Without the images, repeat every line of the listing verbatim.

**Recorded data**
**********
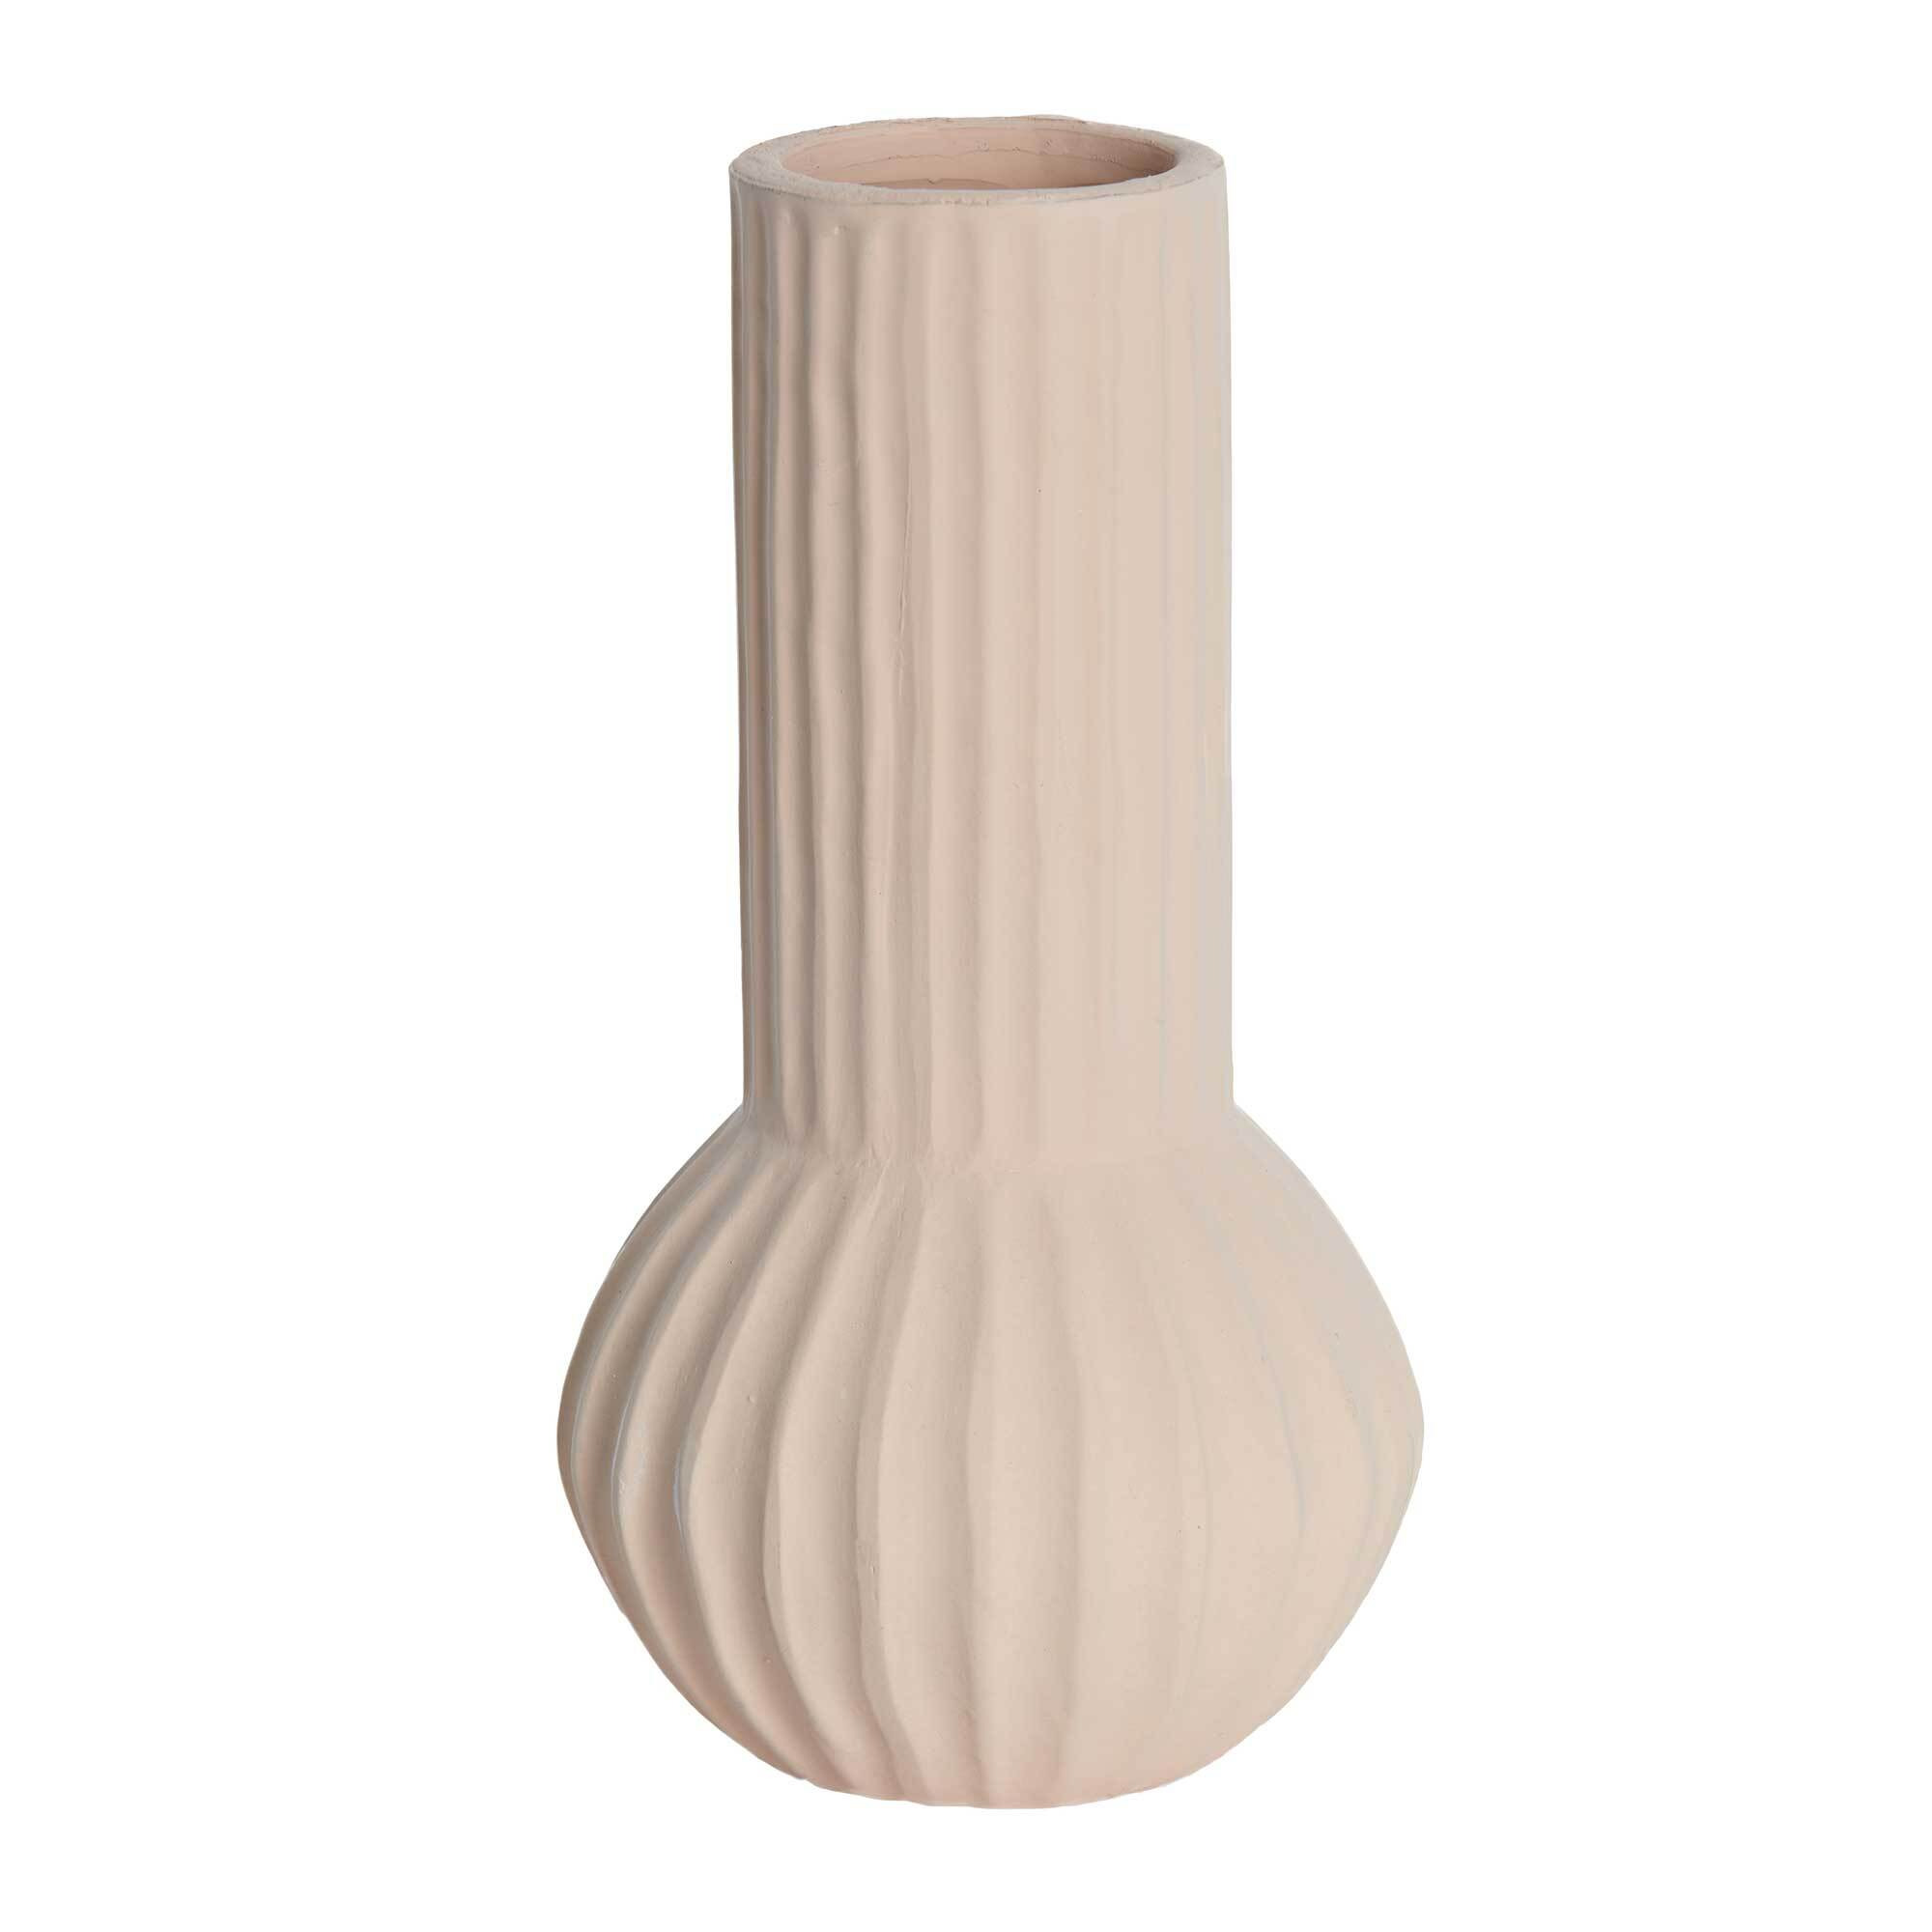 Sand Stripe Vase, Orange Ceramic - Barker & Stonehouse - image 1
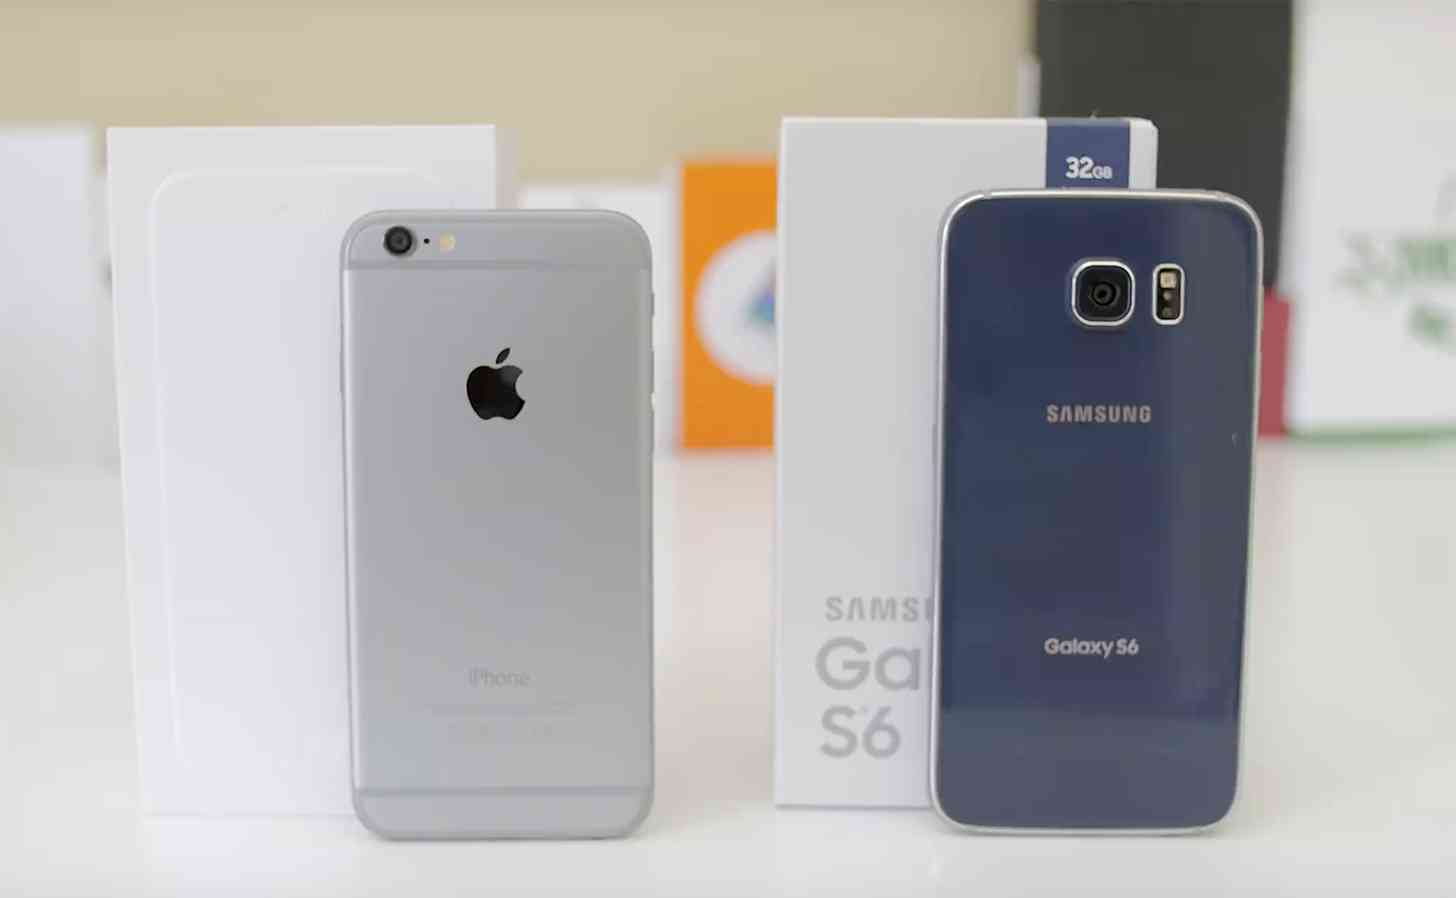 iPhone 6, Galaxy S6 comparison
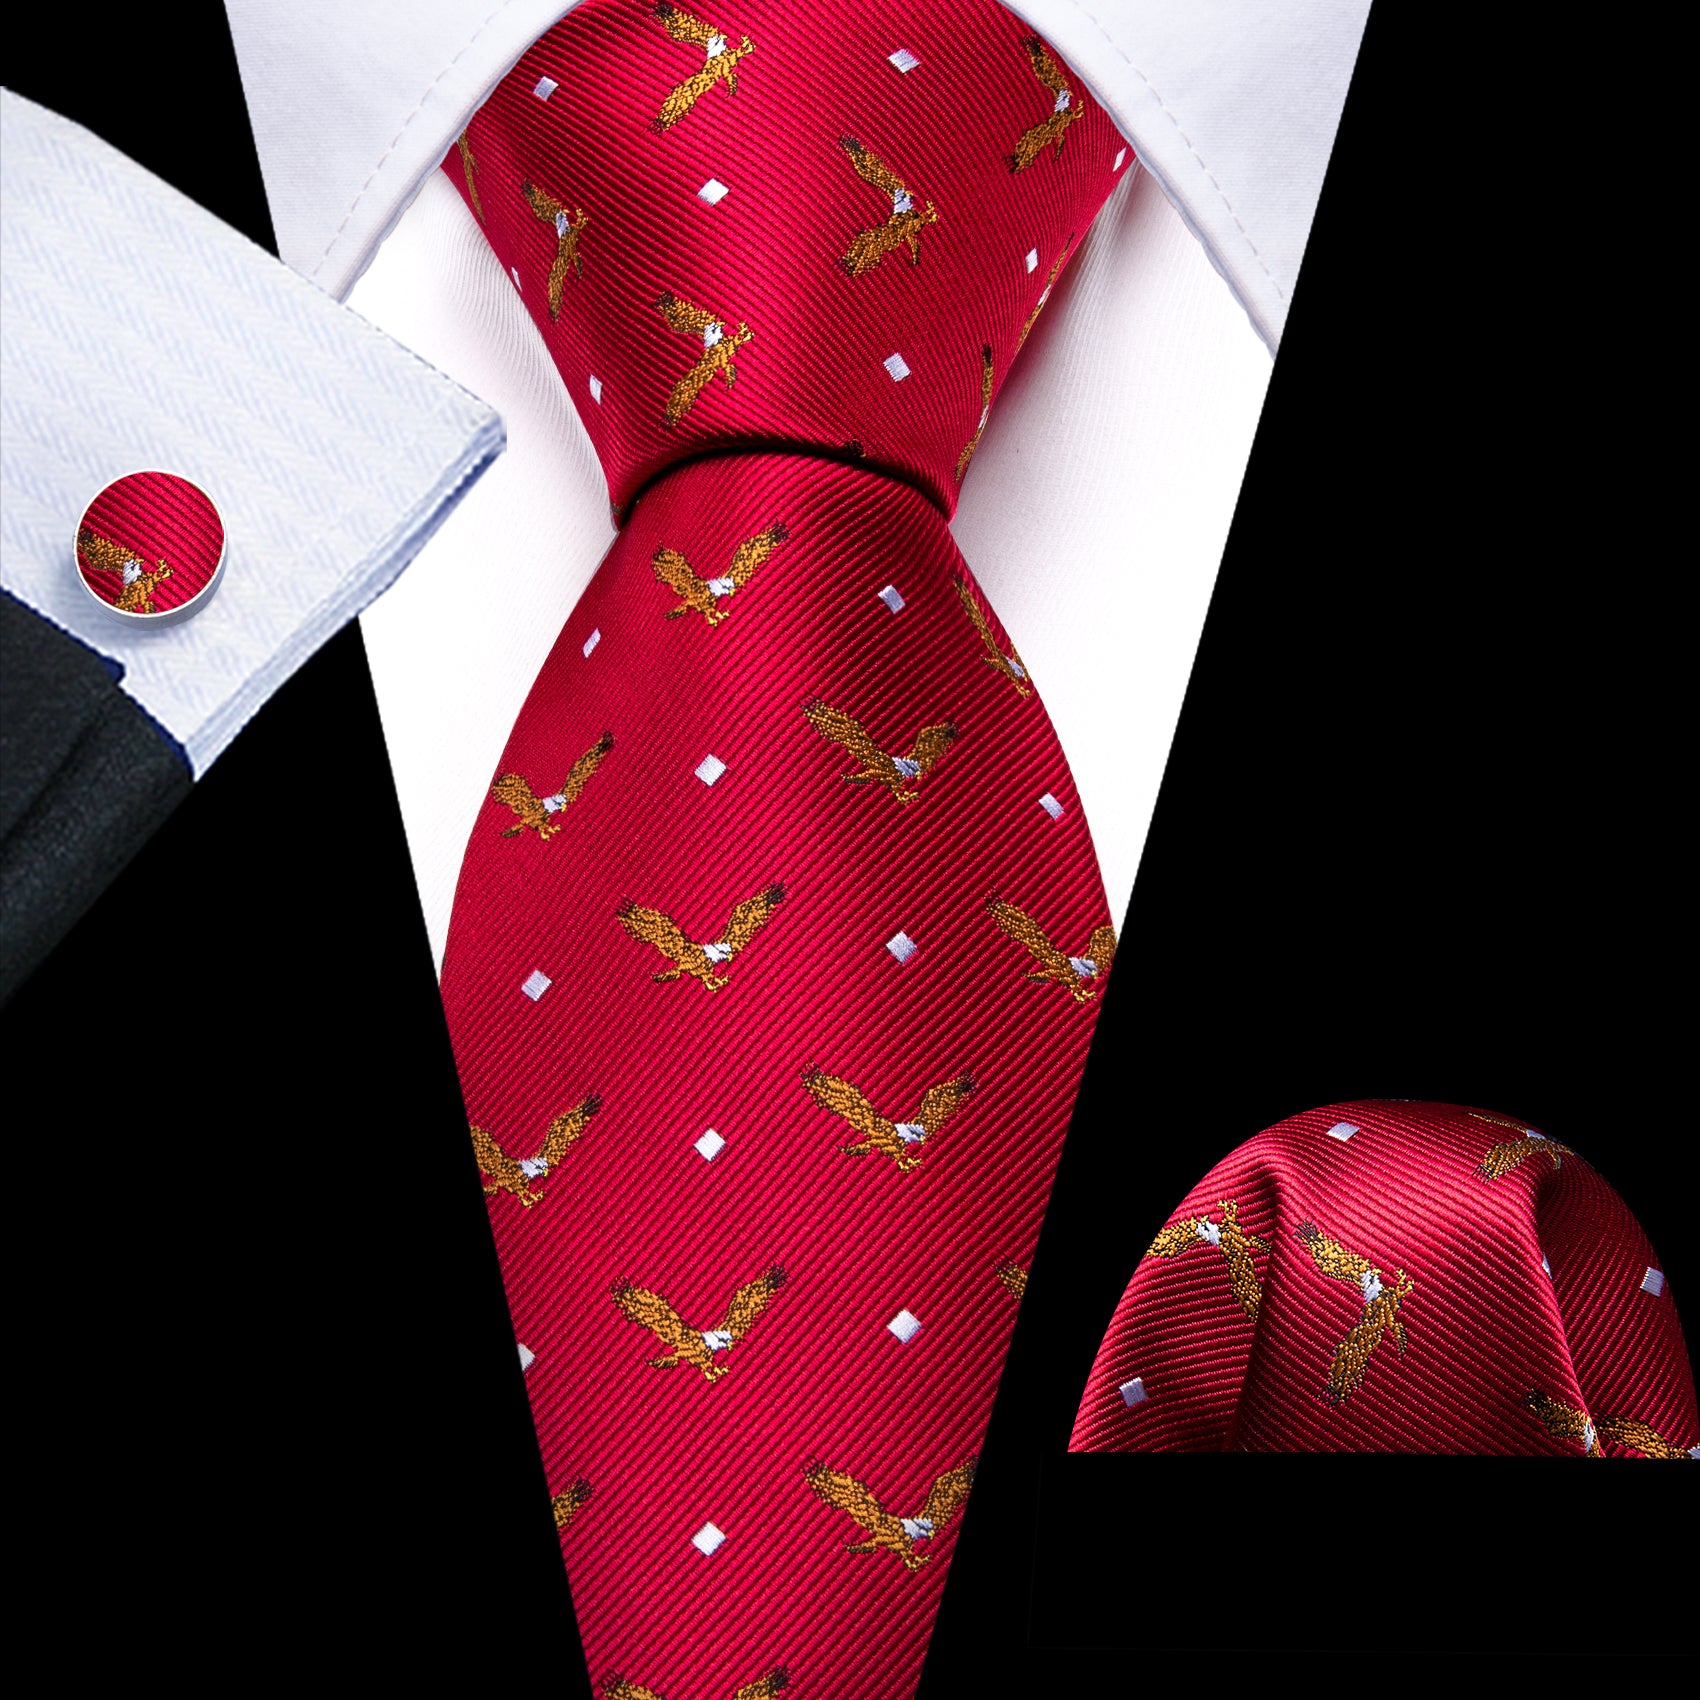 Red Brown Eagle Silk Tie Pocket Square Cufflinks Set
**********
**Solution for this task**
 Sand Stripe Vase, Orange Ceramic - Barker & Stonehouse - image 1
 iPhone 6, Galaxy S6 comparison
 Red Brown Eagle Silk Tie Pocket Square Cufflinks Set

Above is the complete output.